The last week of October 2020, Sadako and IBEC hit an important milestone in the progress of the HR Recycler project as the first integration tests were organized between the two partners. The aim of these tests was to assess the joint functioning of the computer vision modules developed by Sadako with the Human-Robot interaction modules developed by IBEC, in the simulated setting of a worker dismantling an electronic waste object on a Disassembly workbench. More specifically, the functionalities tested were how well the worker can interact with the workbench robot through a predetermined set of gestures, and how well the robot changes its behavior as a function of the human-robot distance. These tests were the object of a post by IBEC on this blog last month; we thought from Sadako that we could add a little insight from the computer vision perspective:
Software integration:
During the tests, production-ready versions of the software were employed, using ROS as an interface both to acquire the images from the Realsense cameras and to output the inferred information later processed by IBEC. A high-level architecture diagram of the software can be seen on the image below:

Both the position and action recognition software get images from the camera through ROS, handle the images and send them to the detectors. The detections are then handled back to the pose and action detection software and sent to IBEC via the ROS topic.
Action recognition software:
Detecting specific actions on a video in real time required the use of a different type of neural network than the one usually used at Sadako Technologies. Indeed, the standard neural networks employed in computer vision extract spatial features from images to detect some specific target object. To infer information from a video feed, temporal features need to be examined in addition to the spatial ones (ie. how the features evolve through time). In 2018, Facebook research published VMZ, a neural network architecture that has the particularity of performing spatial convolutions (examining one area of the image) and temporal convolutions (examining how one singular pixel evolves over time) in parallel on video data. This allows the detection of time-dependent features, such as gestures for example in this particular case.

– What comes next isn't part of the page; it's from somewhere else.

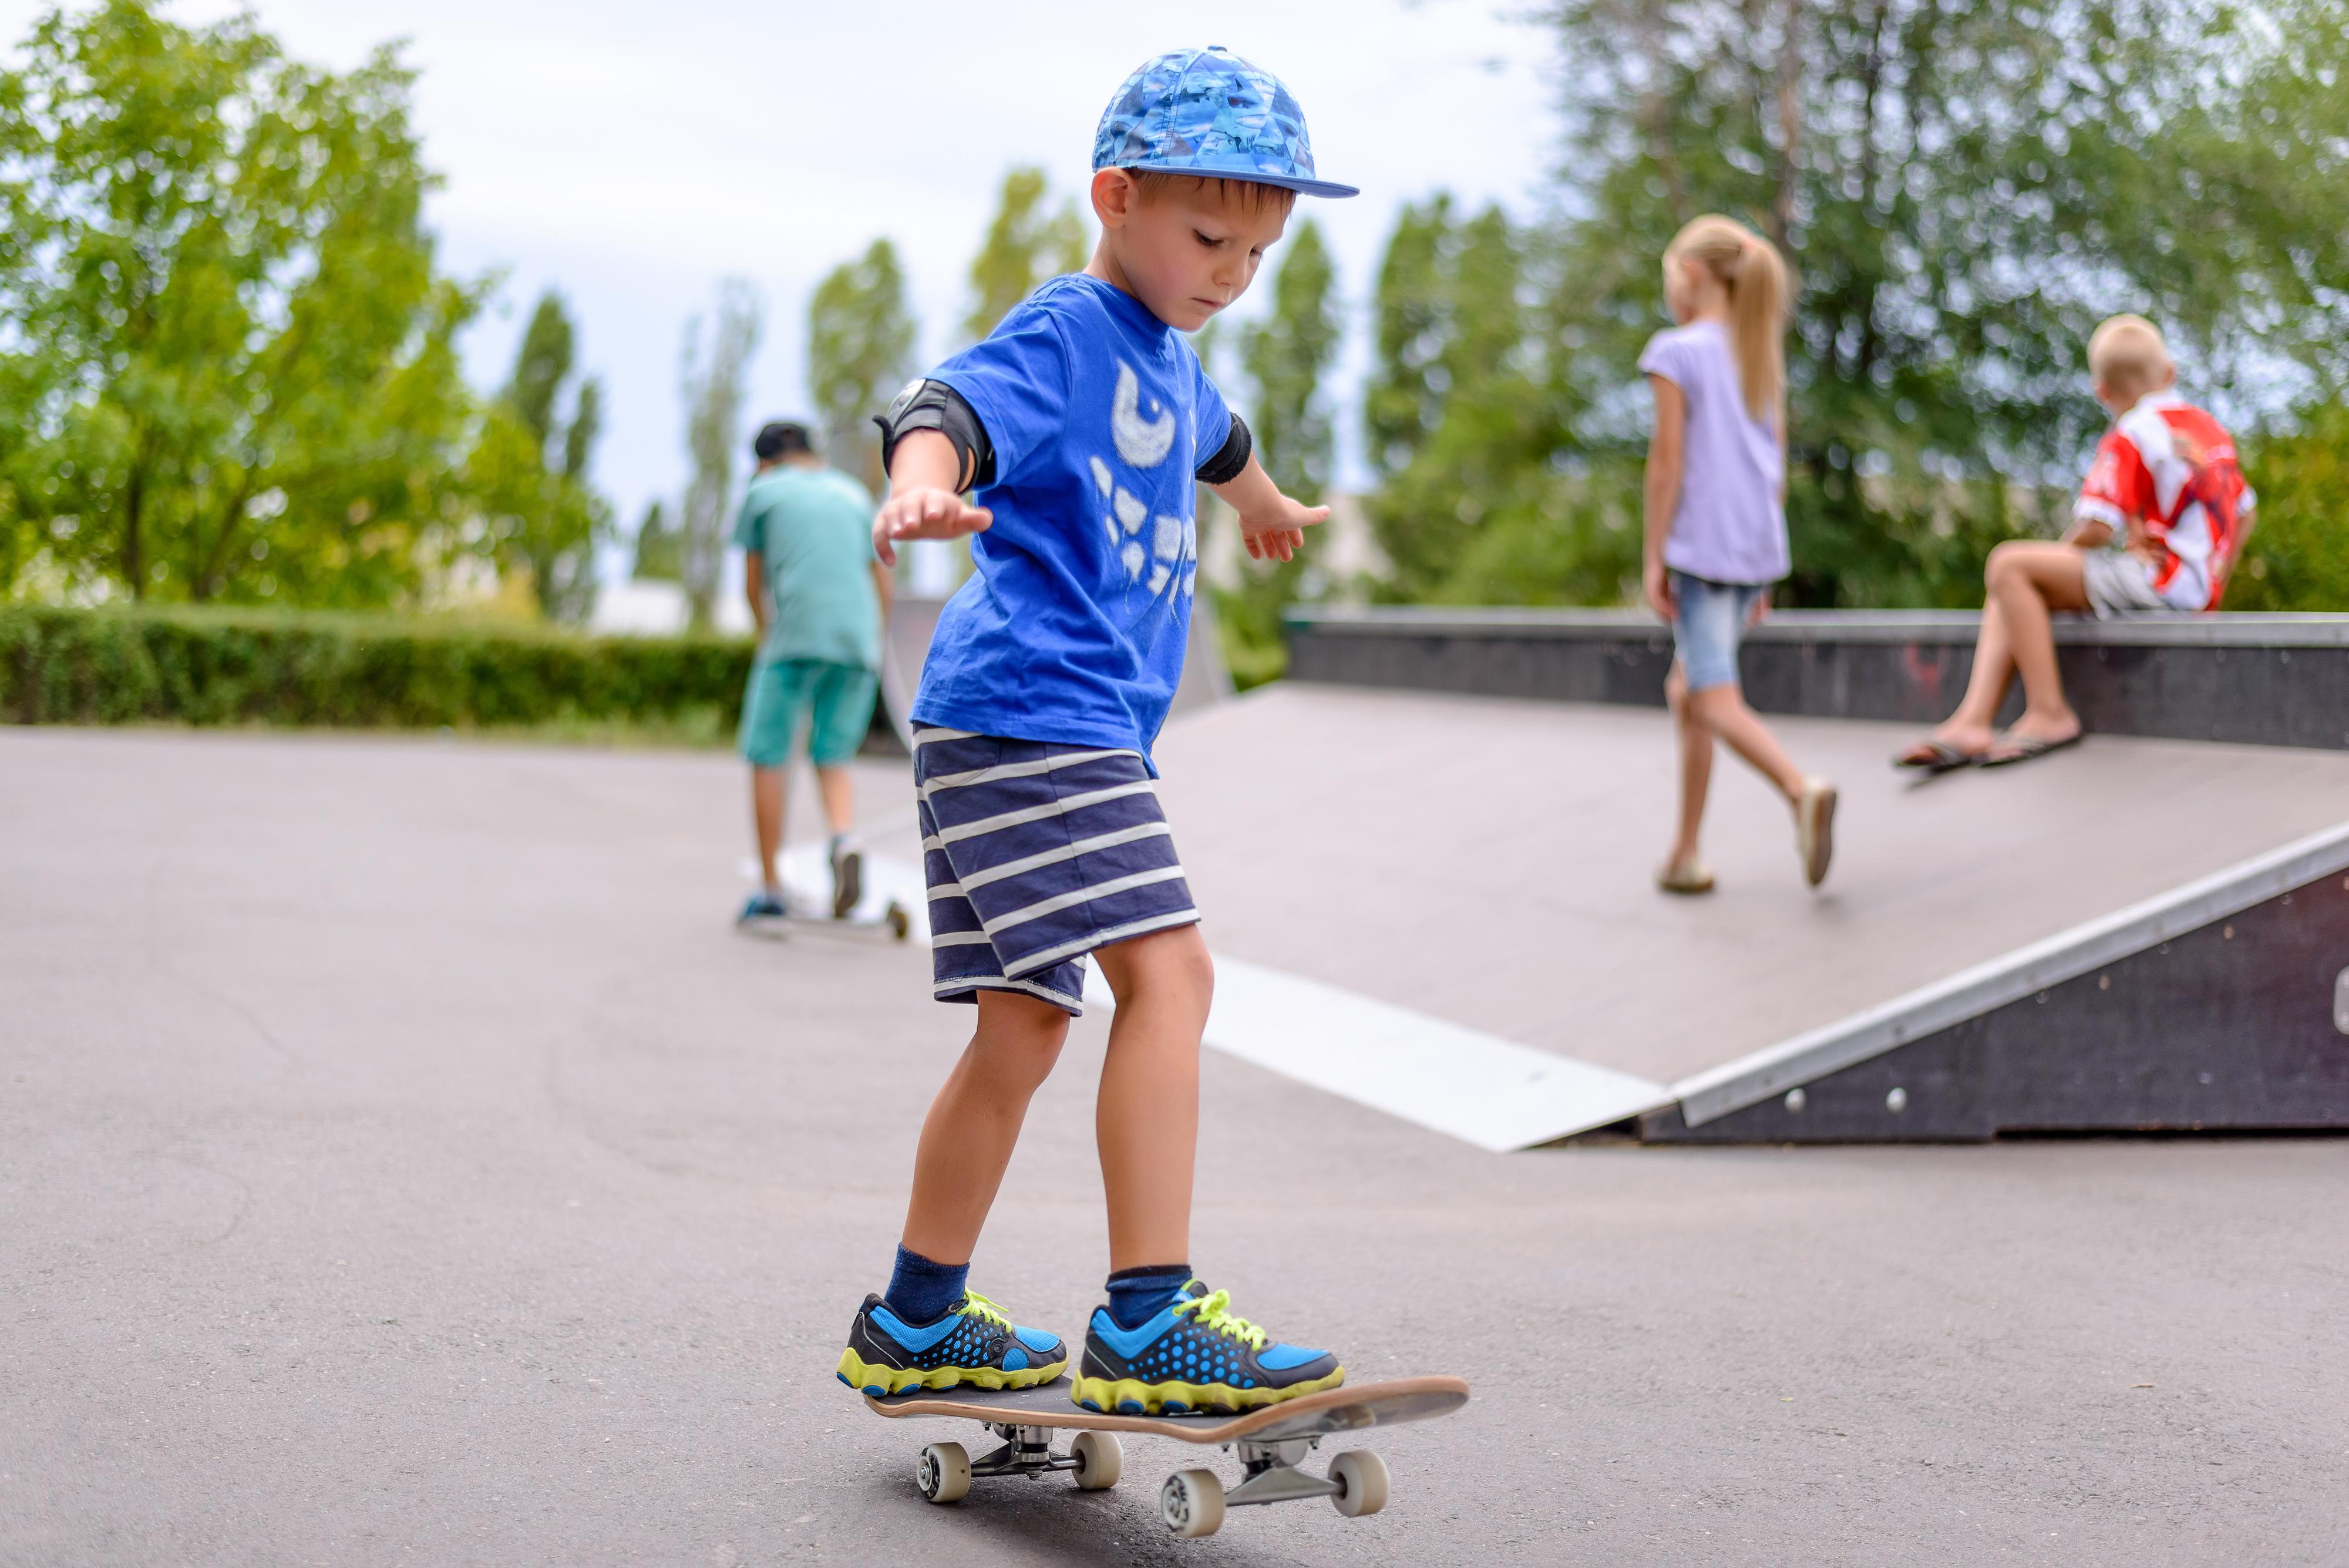 Erste Übung auf dem Skateboard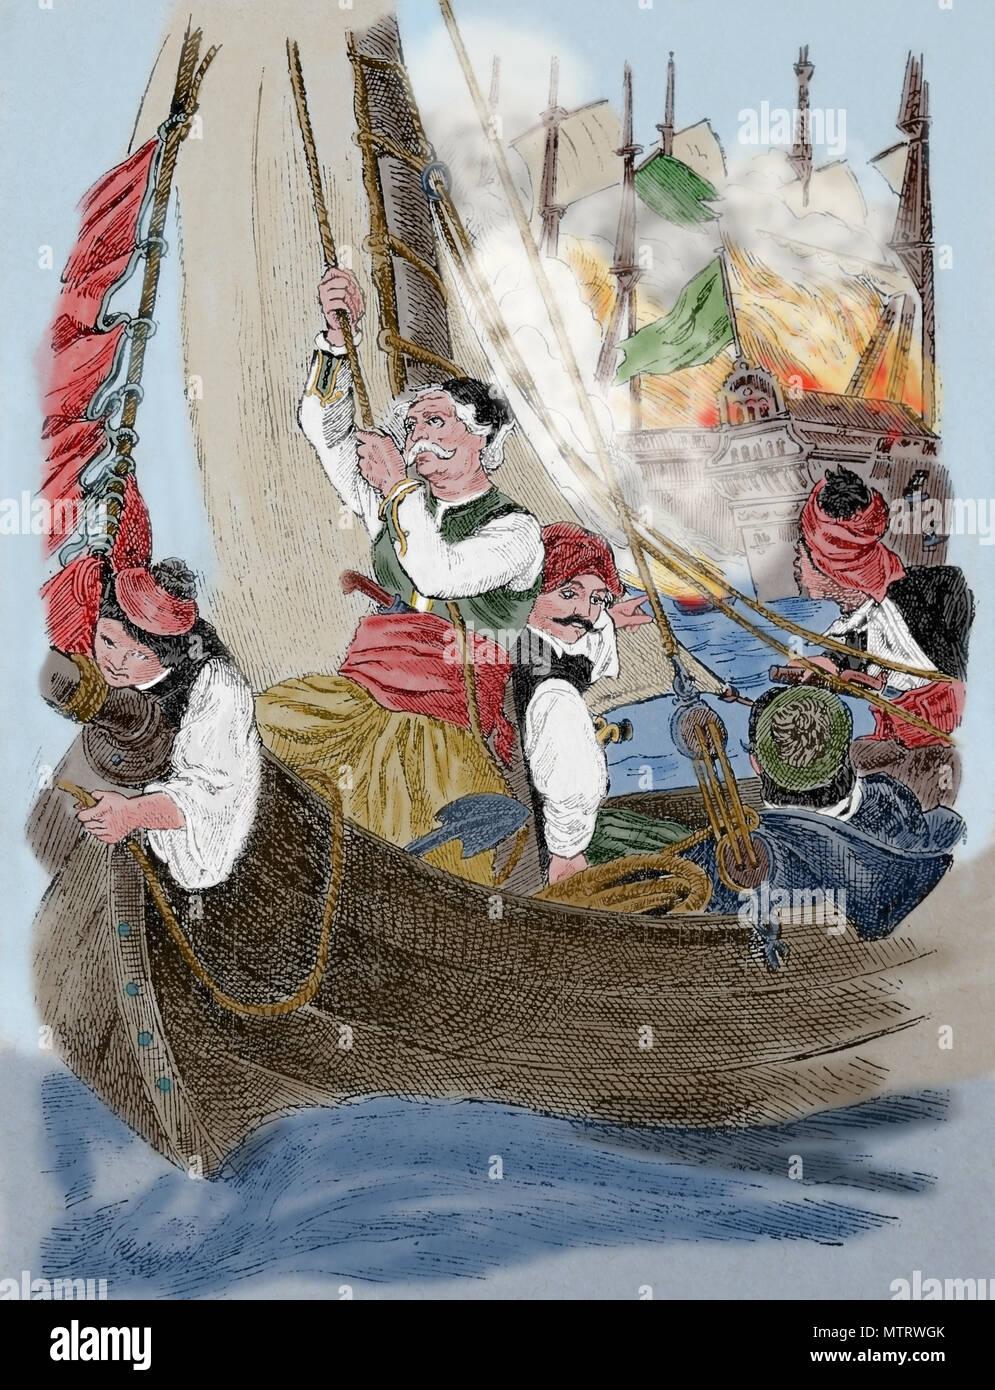 Zerstörung des Osmanischen Flaggschiff auf Chios von Admiral C. Kanaris (1795-1877), 1822. Griechische Unabhängigkeitskrieg. Stockbild

This network uses state of the art deep learning techniques (residual learning, aka ResNets) with some changes and adjustments to the neural network architectures to make it able to detect temporal features.

POSE DETECTION:
The other tested functionality was the ability of the robot to change its behavior (i.e movement speed) when the worker gets closer to the robot than some specific distance. To develop this functionality, the Openpose software was used to retrieve the worker’s skeleton joint coordinates on the RGB image. Those joint coordinates were then matched with the depth image given by the camera to locate the worker in space, relative to the camera. However, knowing where a worker is relative to the camera is not enough information to measure the worker-robot distance. To output the worker-robot coordinates, a calibration procedure had to be developed by Sadako where the camera’s position is measured using the RGB and depth information with respect to a marker visible on the scene. The robot’s position with respect to this marker is also measured; crossing both measurements allows the code to return an accurate measurement of the human-robot distance in real time:

The integration tests with IBEC were successful despite being organized against the ticking clock of the rising Covid-19 cases threatening to limit the access to the facilities and the ability to join multiple teams from different companies. Further tests are currently being organized between Sadako and IBEC to test improved versions of both parties software, taking into account the feedback gathered during the first integration test session.